The LCMA dictated strict guidelines for the design competition it held in 1912. Aiming to avoid controversy in a former border state, the organization stipulated that the monument could not depict a Confederate soldier.⁶ Winning artist George Julian Zolnay found a solution to this problem by depicting a potential soldier heading off to war in the bronze relief that anchored the monument (Figure 2). Nonetheless, the design provoked debate. While a few public voices took offense to the very notion of a Confederate shrine in Union country, many on the city council were less concerned with the monument itself than they were with the presence of a Confederate flag (held in the hands of a small boy in the bottom left of the relief ). Such concern over the flag was great enough to defeat the monument bill during its first city council vote. “I feel it would be flaunting the Confederate flag in the face of Union men,” remarked city councilman William L. Protzmann. “It would be opening an old wound.”⁷ Proponents of the monument, in turn, argued that the flag was an empty political symbol in the twentieth century. “The Confederate flag, to which objection is made, is not the emblem of a living but of a dead cause,” an editorial in the St. Louis Post-Dispatch claimed. “It is only a memory, an historical symbol, whose significance as a moving appeal for a living issue is gone forever with the lost cause.”⁸ Such sentiment was backed by city organizations, as in the case of the Central Avenue Improvement Association, which during the same meeting adopted one resolution urging the city council to allow the monument in Forest Park and another resolution to “establish separate residence districts for negroes and white persons.”⁹ Despite reservations, the city council eventually passed the ordinance in December 1912 to allow the monument to be erected. It would be the first public sculpture in Forest Park to celebrate the Confederacy, joining three monuments that honored the Union.10 Holdouts on the council were evidently swayed by concerns that barring the Confederate monument would disrupt economic relations with the South.11
Boosters’ emphasis on the “dead” symbolism of the monument belied the importance of its life as a symbolic and social site. As with Confederate monuments in such cities as Augusta and Richmond, the Forest Park site was unveiled to much fanfare.12 It was celebrated with two ceremonies, in September and December of 1914, both of which were covered extensively by local papers. Both ceremonies began at the Jefferson Memorial before marching eastwards, through the park, to the Confederate monument. Such marches helped turn the dedications into visual spectacles as they symbolically linked the Confederate site to Jefferson and, thus, the origins of the republic. At the cornerstone dedication, approximately 500 White women, children, and veterans listened to a series of speeches, songs, and prayers.13 A few weeks later, at the shaft dedication, a passerby at the park would have witnessed a similar scene: speeches, poems, and a cheering crowd as the shaft was unveiled while a band played “Dixie.”14 The words uttered at these spectacles lamented the Lost Cause of the Confederacy: they commemorated the courage of the Confederate military while erasing the expansion of bondage as foundational to the causes of the conflict. For instance, Elizabeth Spencer, president of the LCMA, touted the valor of “our beloved veterans, who are with us today, and who are still loyal and true in their love and devotion to the principles for which they fought, and only by overwhelming numbers were they at last overcome.”15 The marches, flags, songs, prayers, and speeches at the dedication ceremonies promoted the Lost Cause as they embodied highly visible, public spectacles of White supremacy.

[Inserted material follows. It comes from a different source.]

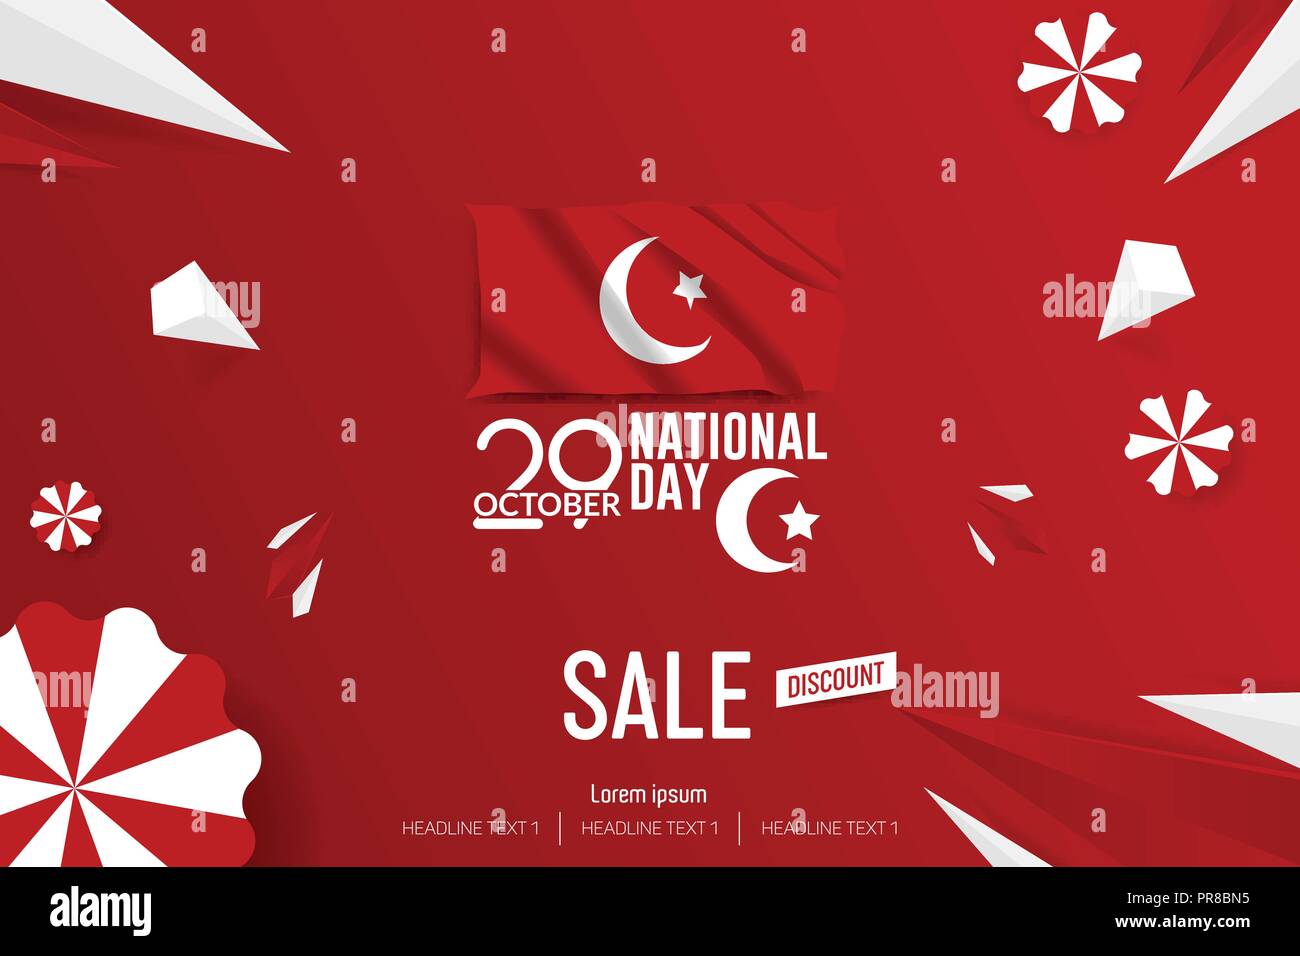 Turkey Independence Day Sale Vector Background Illustration Stock Vector

Aiming to avoid controversy in a former border state, the organization stipulated that the monument could not depict a Confederate soldier. Winning artist George Julian Zolnay found a solution to this problem by depicting a potential soldier heading off to war in the bronze relief that anchored the monument.
The dedications and their media coverage did more than celebrate Confederate veterans’ honor, though; they defined the meaningful members of the monument community. As the New St. Louis Star described, the cornerstone ceremony was “in the nature of a family gathering of the men and women interested, although the public is invited.”16 The monument thus emerged as a contradiction: a public site that one might only visit upon invitation. UDC women highlighted the significance of their role at these gatherings. Elizabeth Spencer proclaimed that the “site has been given for a perpetual possession; the monument is ours; we cannot relinquish it entirely, for it is the embodiment of our love.”17 Spencer framed the construction of the monument as an act of devotion as she stressed her continuing possession over the site (“we cannot relinquish it entirely”). News pictures amplified such female devotion to the cause of commemoration and White community. One large photo-spread in the New St. Louis Star put the actions of UDC women at the center of the cornerstone dedication: a woman depositing UDC records in a recess in the monument’s base served as the centerpiece of the composite image, which also included scenes from the parade and ceremony.18 A different composite image in The St. Louis Star offered not action shots but instead honorific portraits of members of the LCMA—portraits that encircled the relief from the monument. The portraits individualized and elevated these women as they added an additional ring of “family” around the soldier in the relief.19 Such images, in concert with speeches at the dedications, asserted a response to a fundamental question: whose space is this? They constructed the monument as a quasi-familial White supremacist space, at the center of which were UDC women.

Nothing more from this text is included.